**Problem**
The task calls for the lines below from the line with "syracuse s rosamond" to the line with "Worksheet on Multiplication Table of 18", both ends included, copied exactly, without any pictures.

**Source data**
········

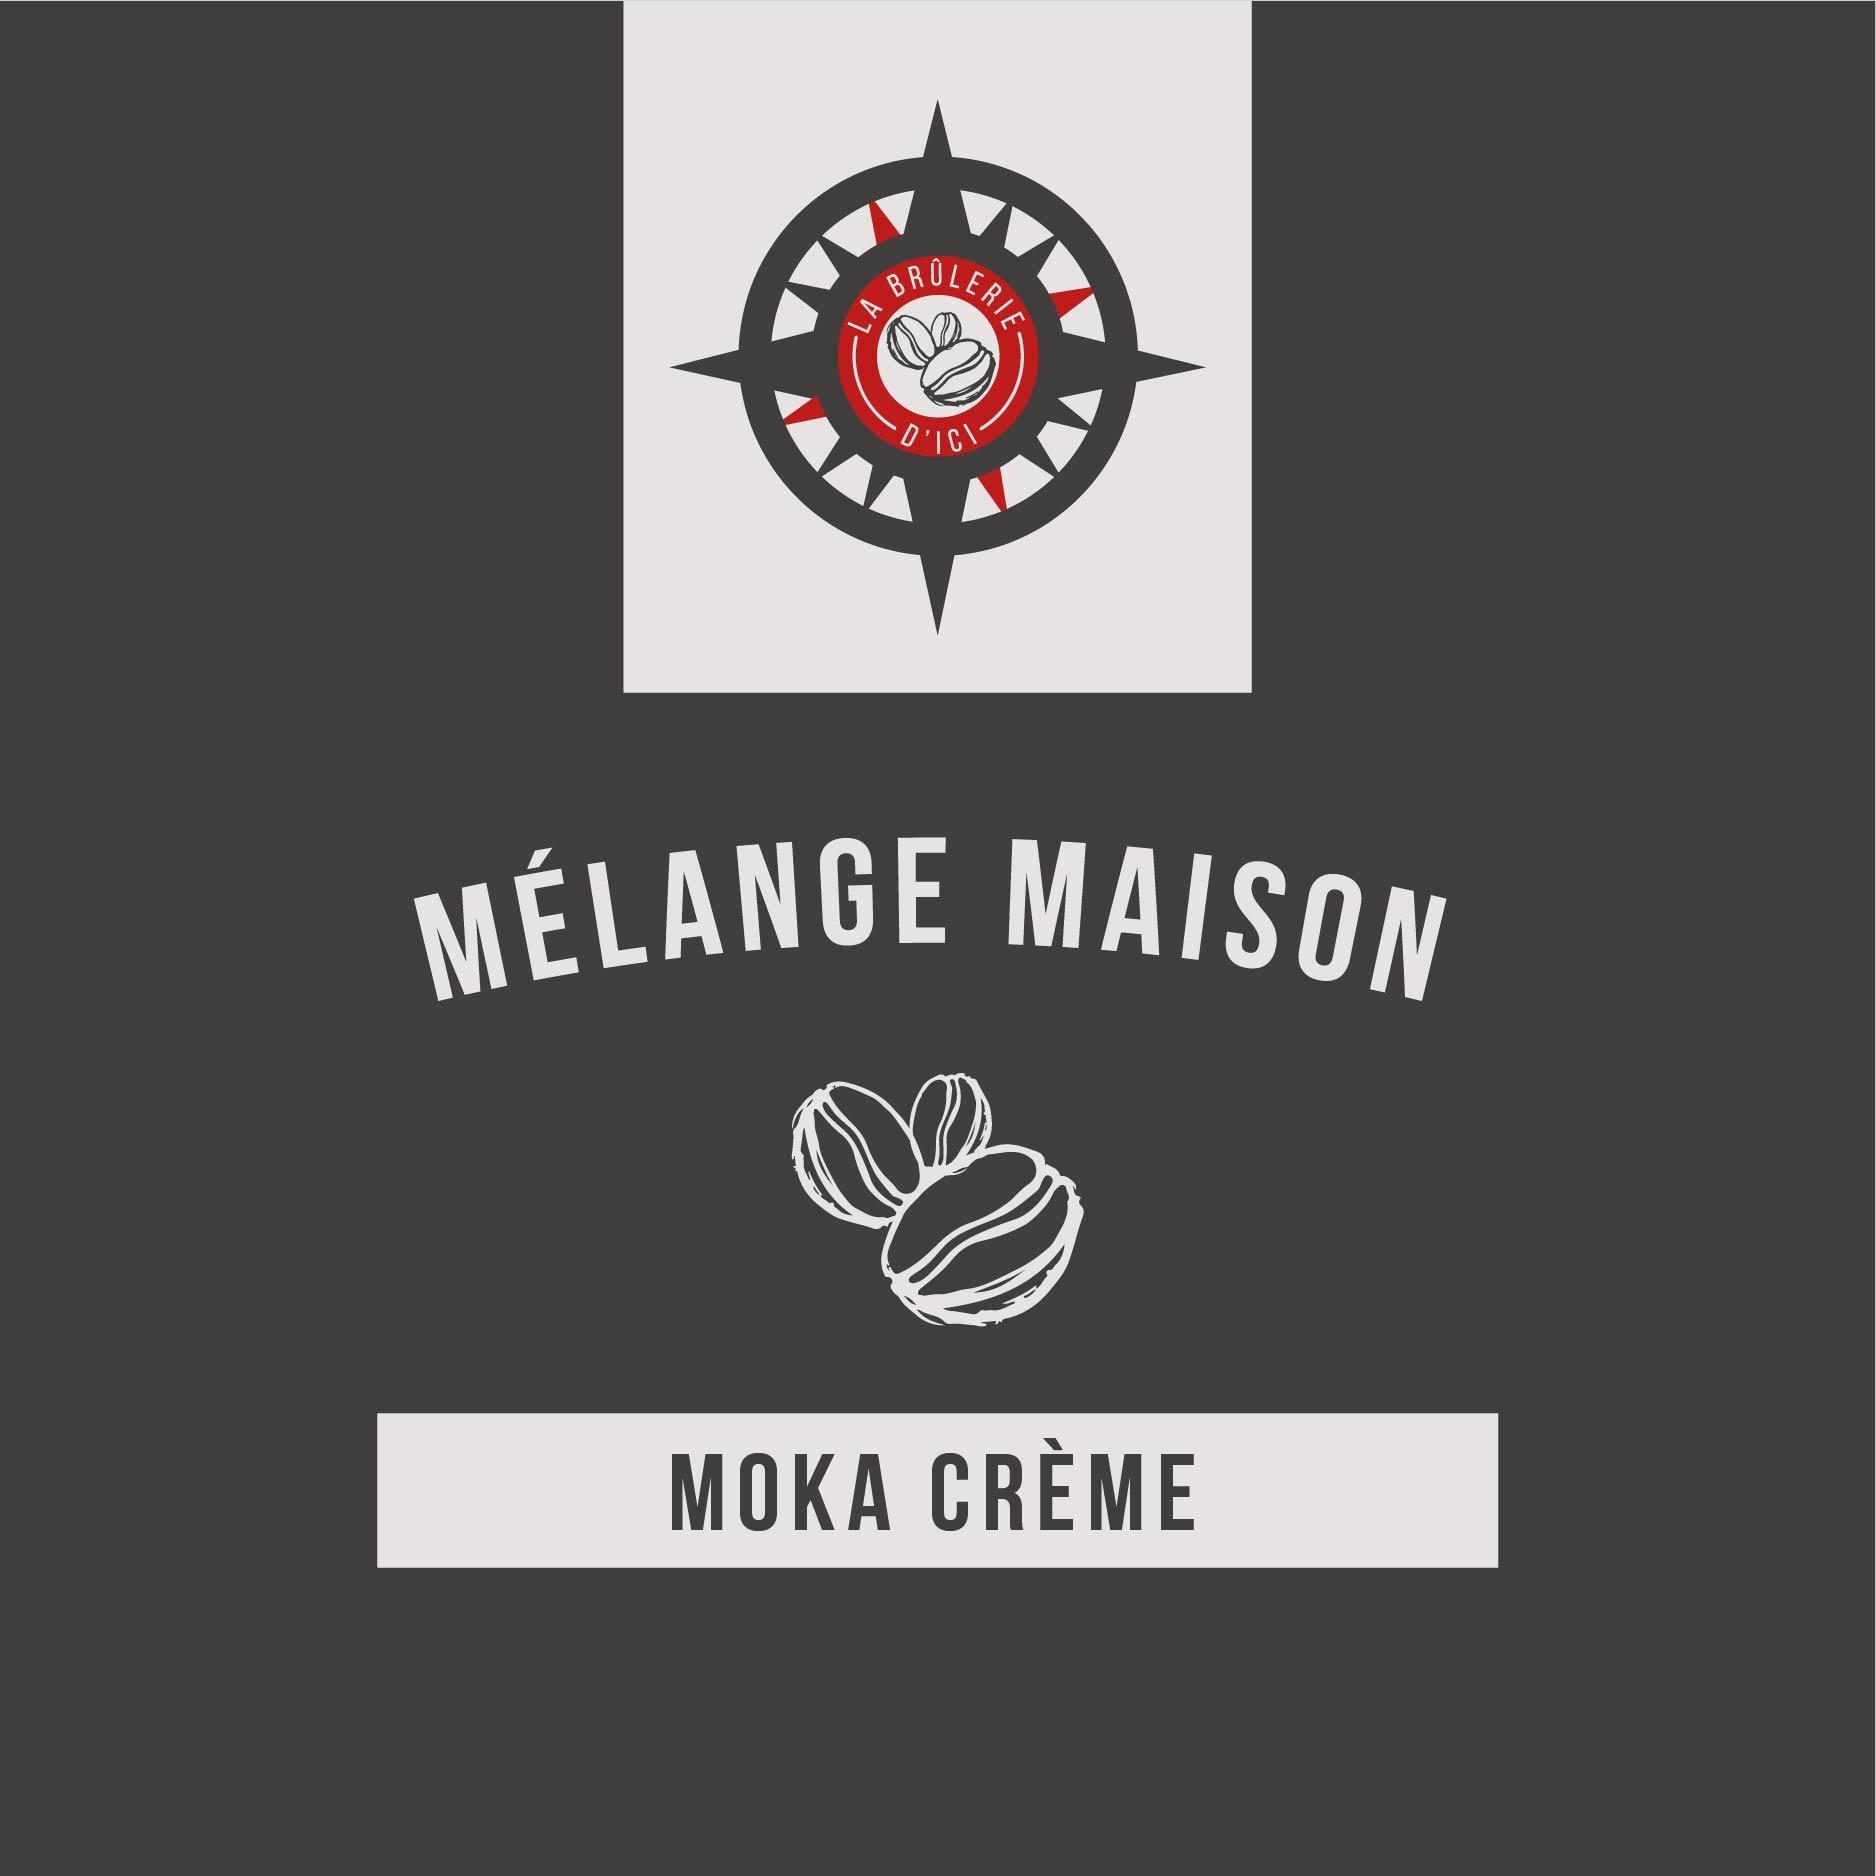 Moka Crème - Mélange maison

········

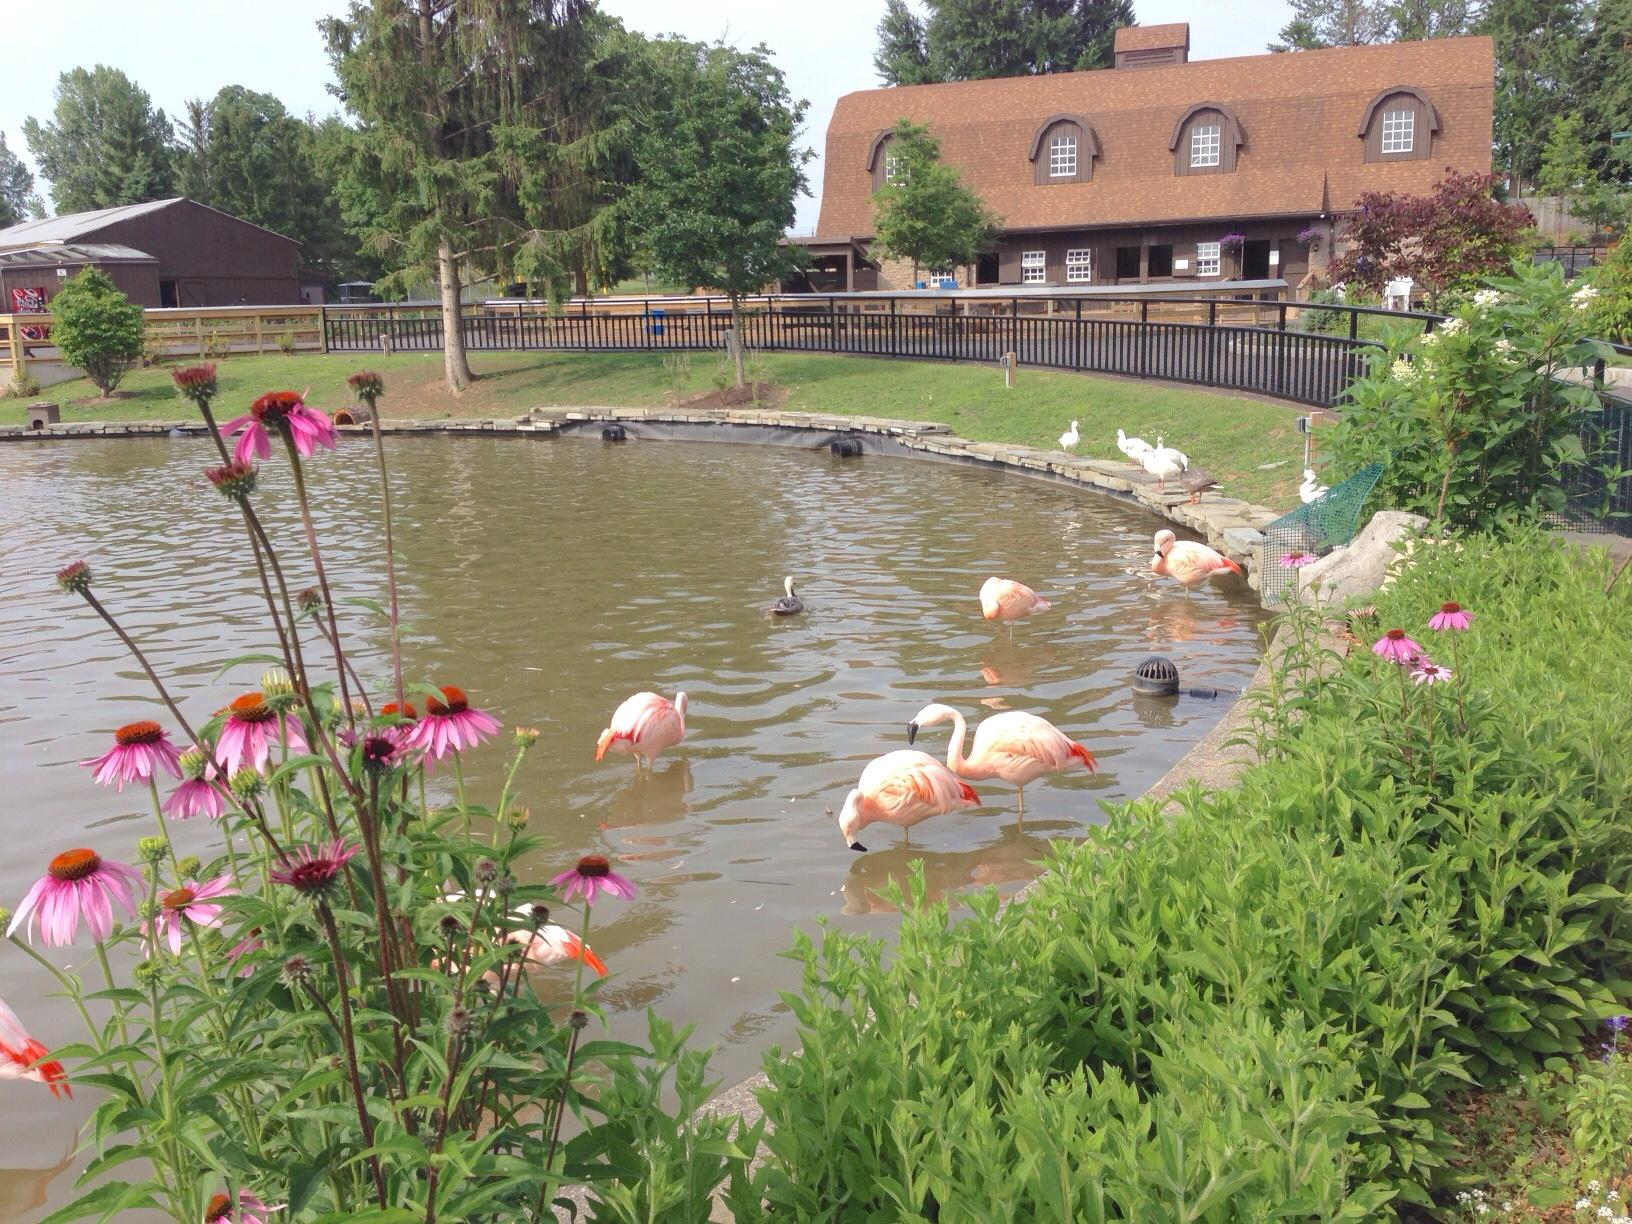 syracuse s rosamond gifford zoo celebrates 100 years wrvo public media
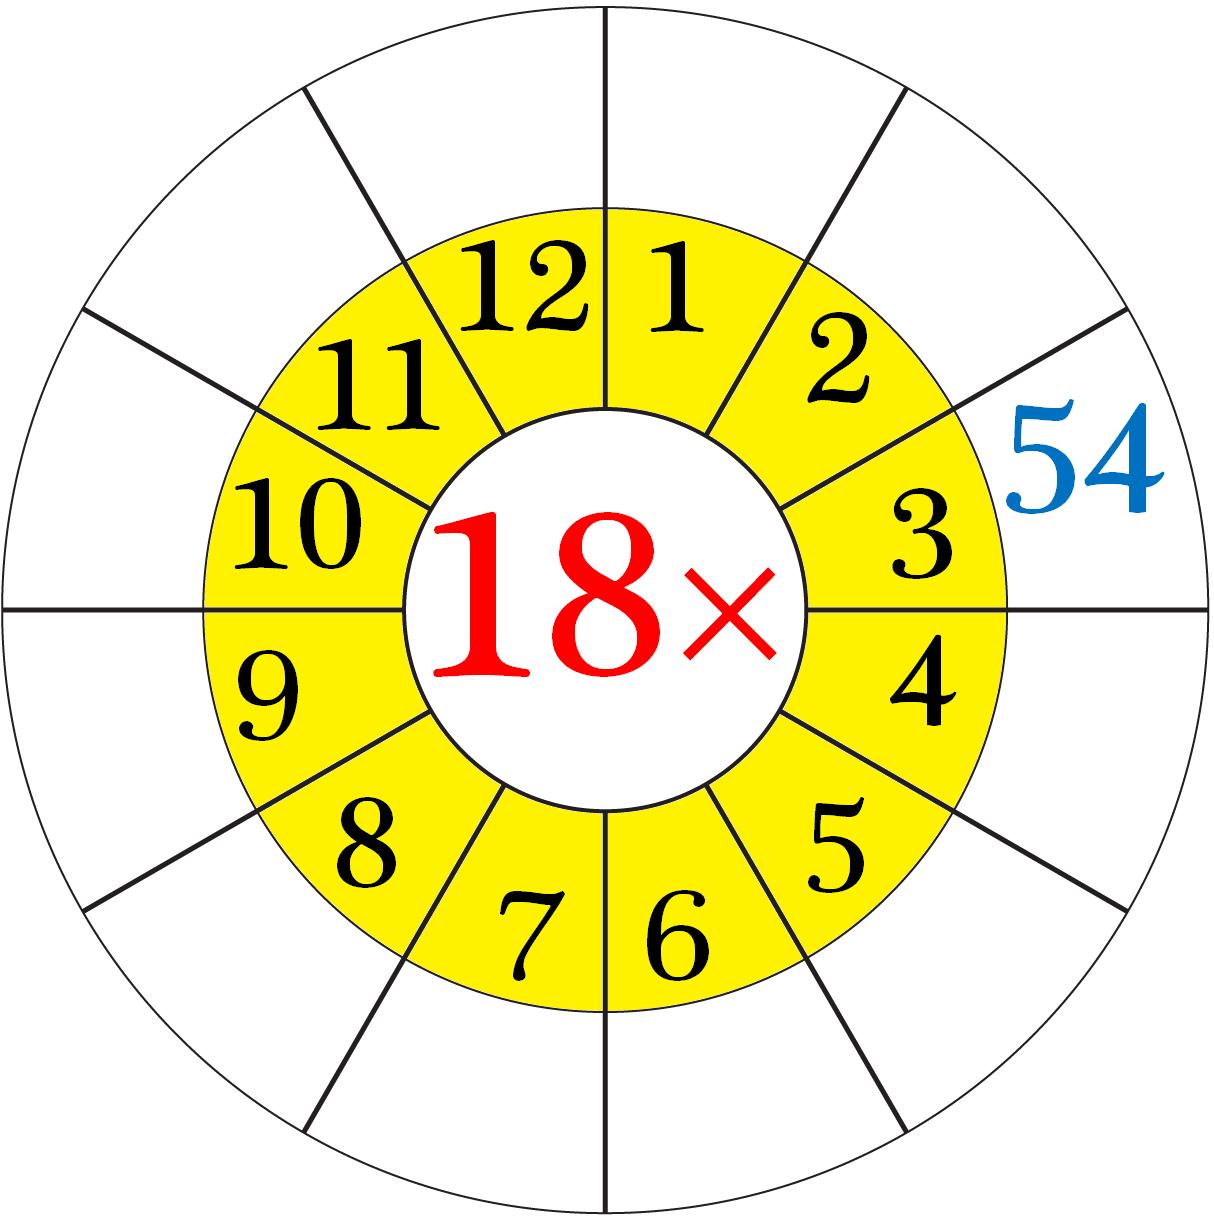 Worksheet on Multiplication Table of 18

········

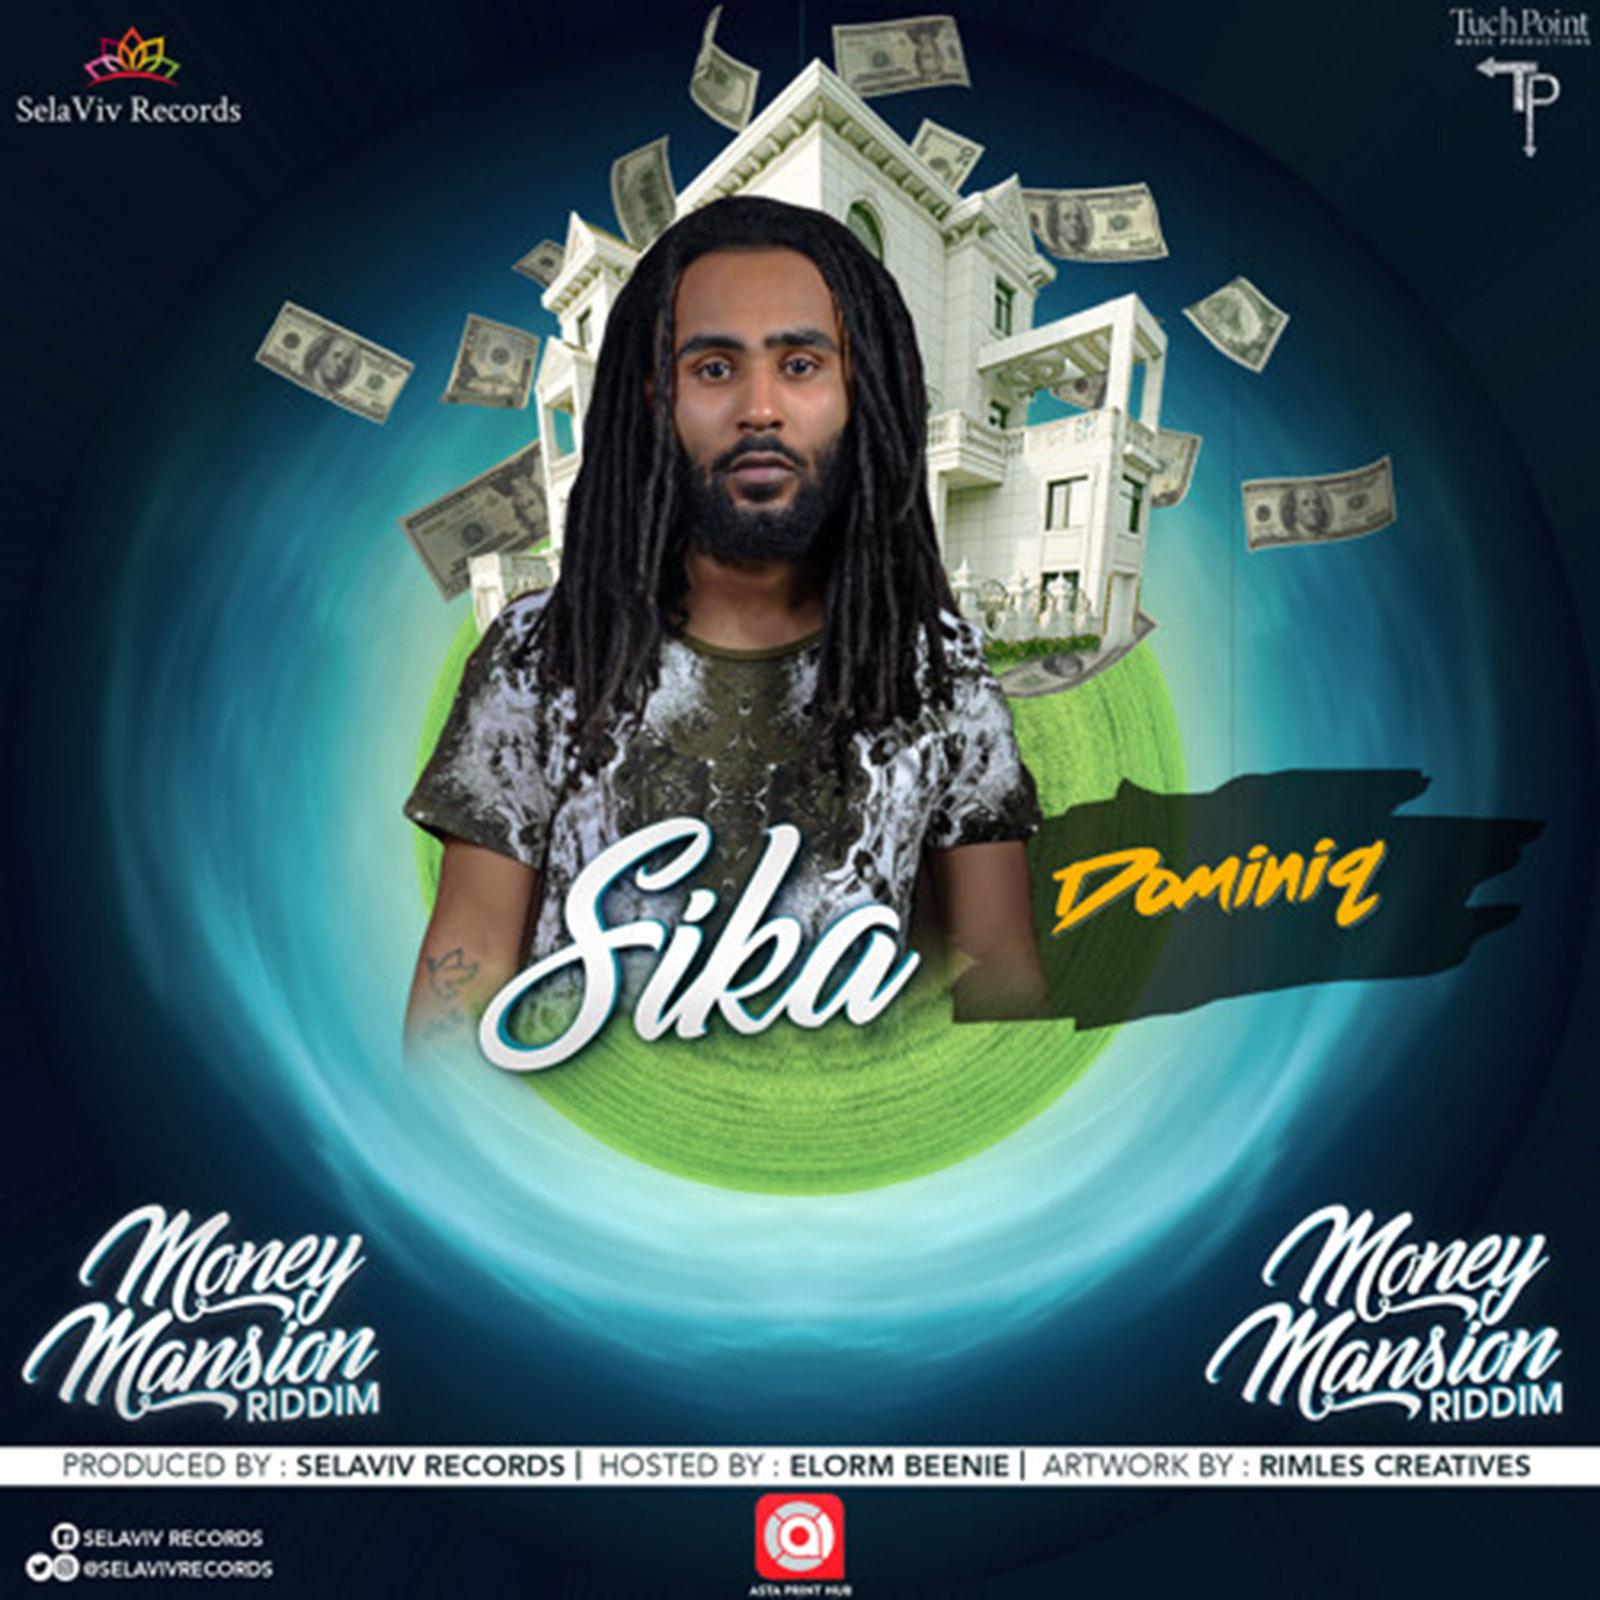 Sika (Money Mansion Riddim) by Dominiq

········

**Answer to this problem**
 syracuse s rosamond gifford zoo celebrates 100 years wrvo public media
 Worksheet on Multiplication Table of 18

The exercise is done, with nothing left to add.